ML-powered system tuning

Rank Title Year Non-self
Citations
Per
Year
8 Automatic Database Management System Tuning Through Large-scale Machine Learning. 2017 109 13
17 An End-to-End Automatic Cloud Database Tuning System Using Deep Reinforcement Learning. 2019 60 10

Databases have knobs. Lots and lots of knobs. Whether it’s the classic PostgreSQL shared_buffers or something more obscure like Vertica’s resource pools, getting the knobs set to the “right” values for your workload has always been an essential performance tuning step.

The two hottest papers in this category both represent machine learning powered techniques, either using reinforcement learning or Bayesian optimization.
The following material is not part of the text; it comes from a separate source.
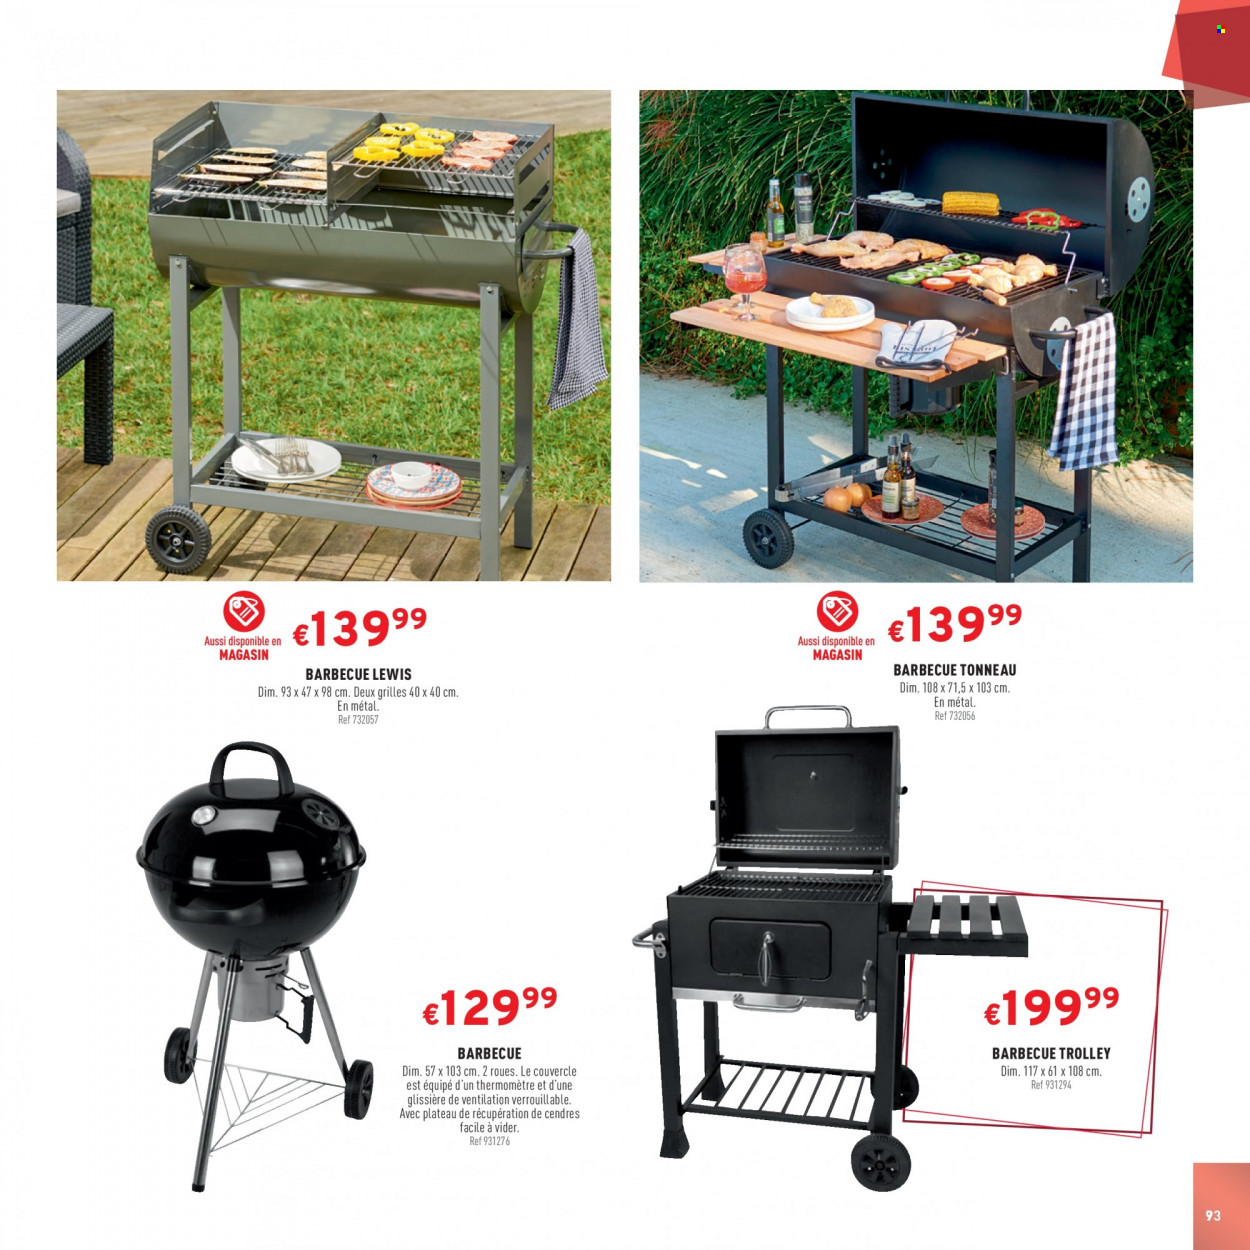 thumbnail - Catalogue Trafic - Produits soldés - thermomètre, trolley, barbecue. Page 93.
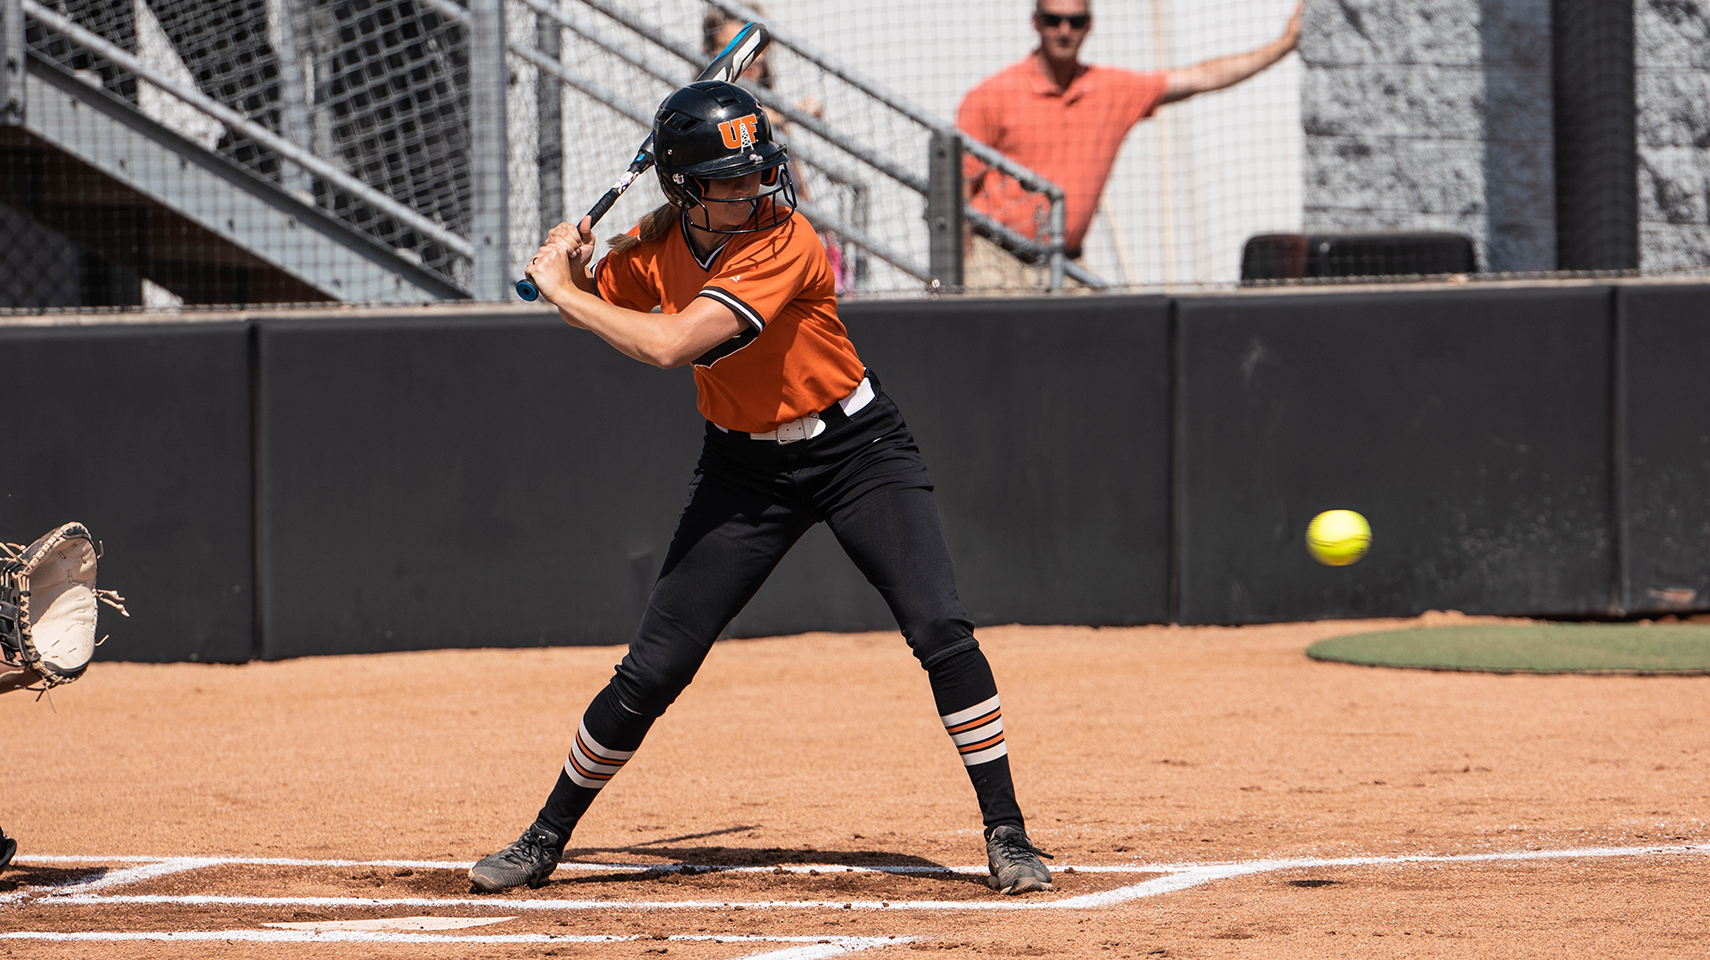 softball player in orange uniform taking a pitch at the plate

The approaches building on these two works have made a lot of progress in both cloud and on-premises environments. Of particular note is the DB-BERT line of work from Immanuel Trummer’s lab at Cornell, which integrates LLMs into the already-ML heavy area, resulting in a database tuner that can, almost literally, “read the manual.”

Data cleaning and matching

Rank Title Year Non-self
Citations
Per
Year
9 Deep Entity Matching with Pre-Trained Language Models. 2020 66 13
14 HoloClean: Holistic Data Repairs with Probabilistic Inference. 2017 90 11
15 Deep Learning for Entity Matching: A Design Space Exploration. 2018 71 10

Database systems are only as useful as the data they contain! Garbage in, garbage out. Tools for data cleaning and entity matching are critical for bringing structure to chaos, enabling analysis and hopefully dredging up some of that good good Actionable Business Insight we love to talk about.

The prevailing trend, as you might imagine, is integrating LLMs and other recent ML inventions into traditional data cleaning and matching tools. While the latency of these systems still leaves something to be desired, the accuracy provided by these new LLM-enabled tools is sometimes orders of magnitude ahead of what we could do before.

Some good examples of this trend include Avanika Narayan’s work in Chris Re’s lab, which show that LLMs (“foundation models”) are quite effective at a number of data wrangling tasks. A slightly more involved approach is Nan Tang’s recent paper on relational pre-trained transformer (which is apparently almost all you need), which is directly trained for data cleaning tasks and can even operate on complex, non-1NF types like JSON (but we always put our databases into 3NF, right?).

What’s next?

Another year goes by and databases get a little faster, a little cleaner, a little easier to use, and a little smarter. Maybe next year the DataFusion team or the DuckDB team will make them a little cheaper! But nobody tell the VCs.

Perhaps you want to hear the no-doubt enlightened opinion of me, your humble author? Well, I think smarter, faster, cheaper, and more accessible databases are great, but how come nobody is looking into making databases more polite? Look what happens if I misspell WHERE:

imdb=# select count(*) from title were production_year=2022;
ERROR:  syntax error at or near "production_year"
LINE 1: select count(*) from title were production_year=2022;

Frankly rude – no respect from PostgreSQL here. I guess if Mike Stonebraker raised me in a basement at Berkeley in the 80s, I might also be missing a few “pleases” and “thank yous” around the edges. Or maybe the middle is already hollow and the papers are all diarrhea, what do I know?

(If you actually want to know what I’ve been up to, check out our latest work on offline query optimization – SIGMOD papers coming soon!)

  1. I am an author of this paper.  2 3 4

  2. MonetDB is arguably an exception to this claim, since MonetDB could mmap larger-than-memory chunks, but I think it is reasonable to categorize MonetDB as a mostly in-memory analytics database.